When we took ownership of the houseboat last year, we knew it was in less‑than‑perfect condition. “Better keep ‘er running while it’s getting fixed,” Clete warned when he assessed The Enterprise‘s main needs, reconstructed gas lines for the propane leading into the kitchen and new engines. When we balked at the cost, he reiterated, “Let her sit out a summer and the muskrats will eat right through ‘er.” We were stranded only twice when those ancient twin Evinrudes refused to turn over. That was during the first two test drives.

Clete sent out one of the high‑school girls who pumps gas at the dock with a new battery to save us the first time when the electrical system fizzled on Nine‑Mile Island. The second time we were marooned on the sandbar south of town. With a kitchen full of cheese and crackers, soda and wine, and ice cream bars, and with the promise of a sunny afternoon ahead of us, we weren’t in too much of a hurry to get rescued. Soon enough, another houseboat, Our Nest Egg, dropped anchor at the sandbar alongside us. A few hours after these boaters joined us for Chardonnay, brie, and Eskimo Pies, they offered to tow us back to the marina. You get used to being rescued on the Mississippi, even if you’ve got brand‑new engines and a fresh battery. If it’s not engine trouble, it’s wingdams and stump fields messing with the motor. At least by the time we entertained my colleagues from the college and other friends, The Enterprise never failed.

I gladly volunteered to visit the houseboat during winter just to make sure nothing cracks or freezes. Besides, it provides me an excuse to come to the marina more often. In some of the fancier houseboats along the river, the kind with heaters, people keep their boats in the water and hole up for a weekend, pretending it is August.

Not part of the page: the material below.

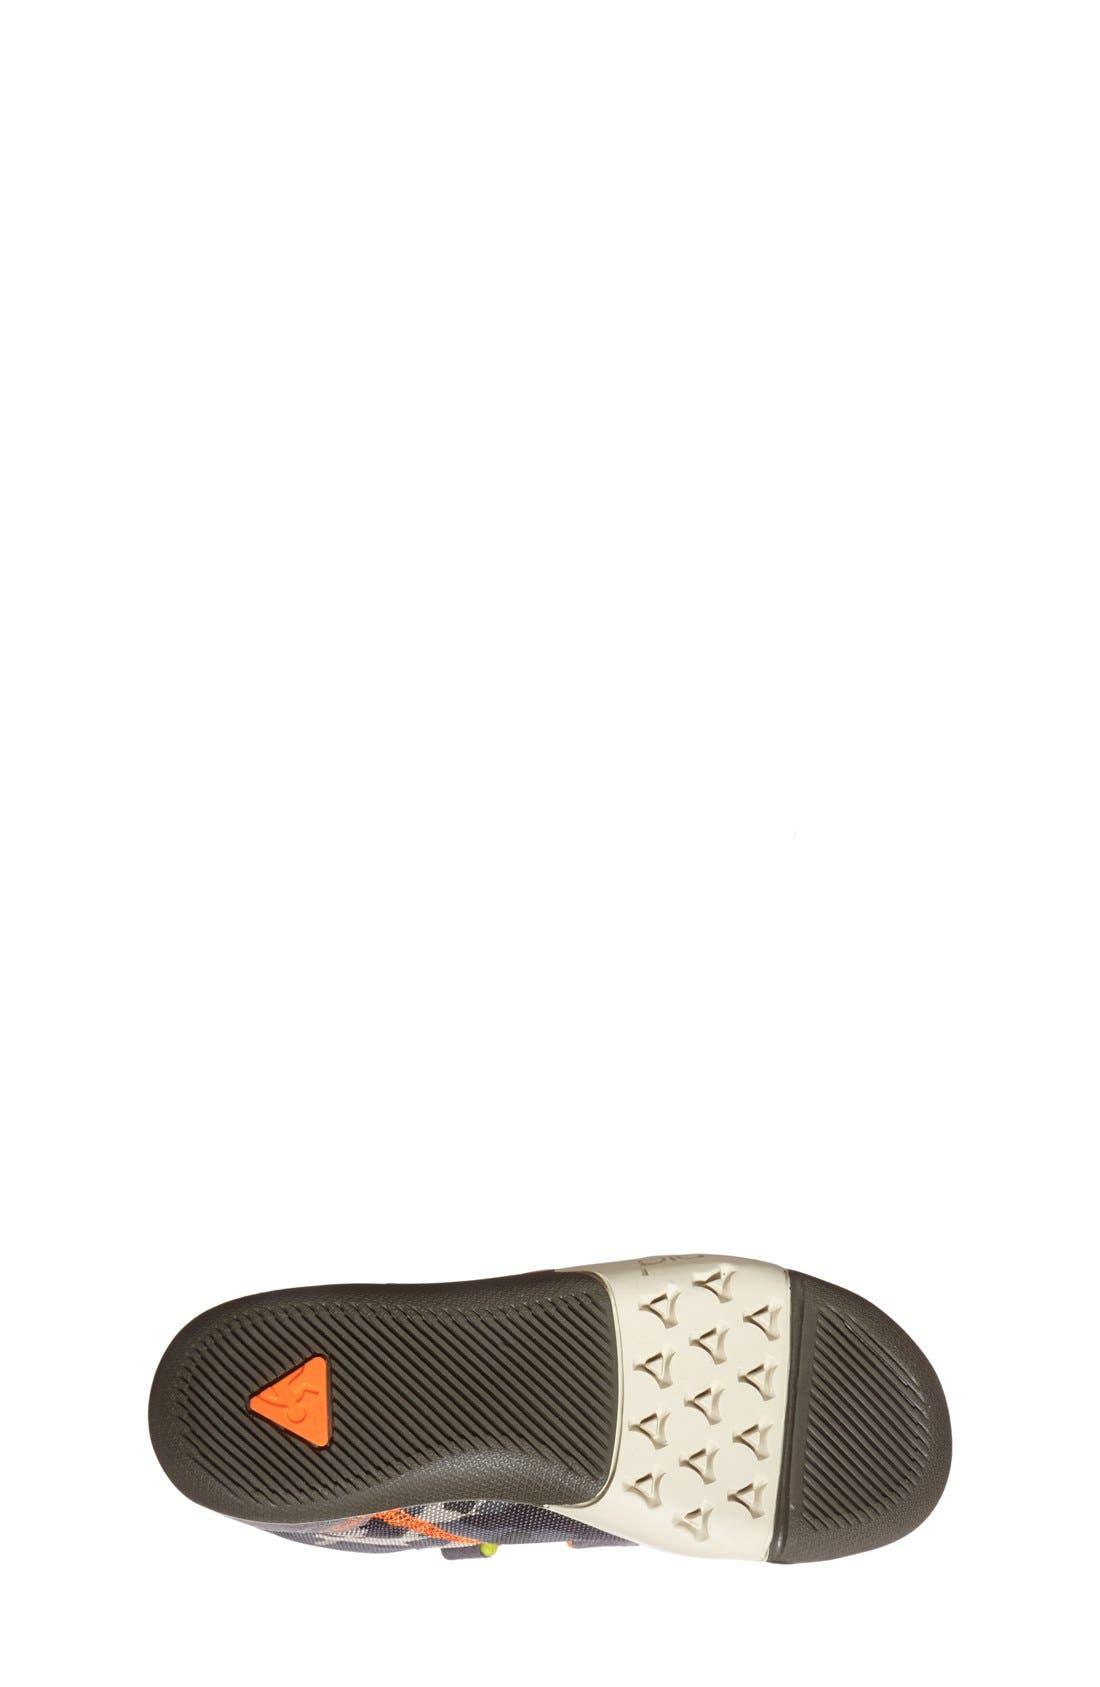 'Max' Customizable High Top Sneaker,                             Alternate thumbnail 4, color,                             054
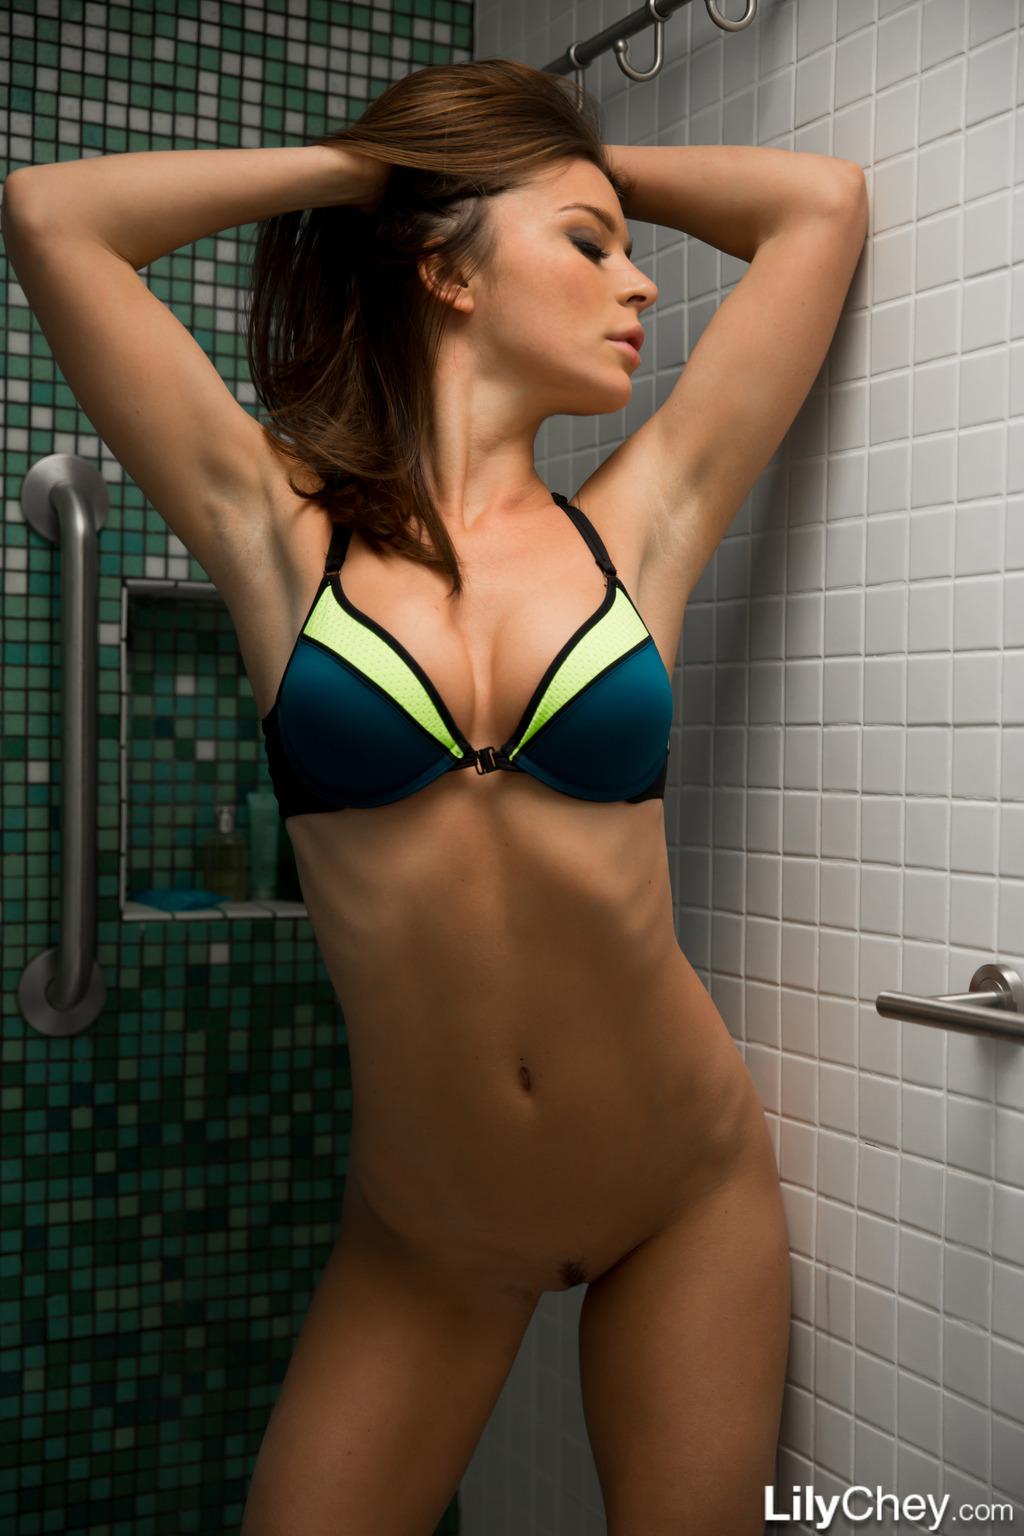 Lily Chey In Bikini Shower 14

That’s not the case with The Enterprise, however; so unless I come down to check on it, it sits empty and alone.

Keeping a boat in the upper Mississippi through winter means it has to be “bubbled in” with a stream of water flowing between it and the ice; otherwise, the ice will harpoon the hull. From a distance, such a boat appears ready to head out into the main channel. It’s that close to real. No matter how real it appears, though, you can’t rev up the motor on a bubbled‑in boat, throttle down, and churn out through a foot of ice.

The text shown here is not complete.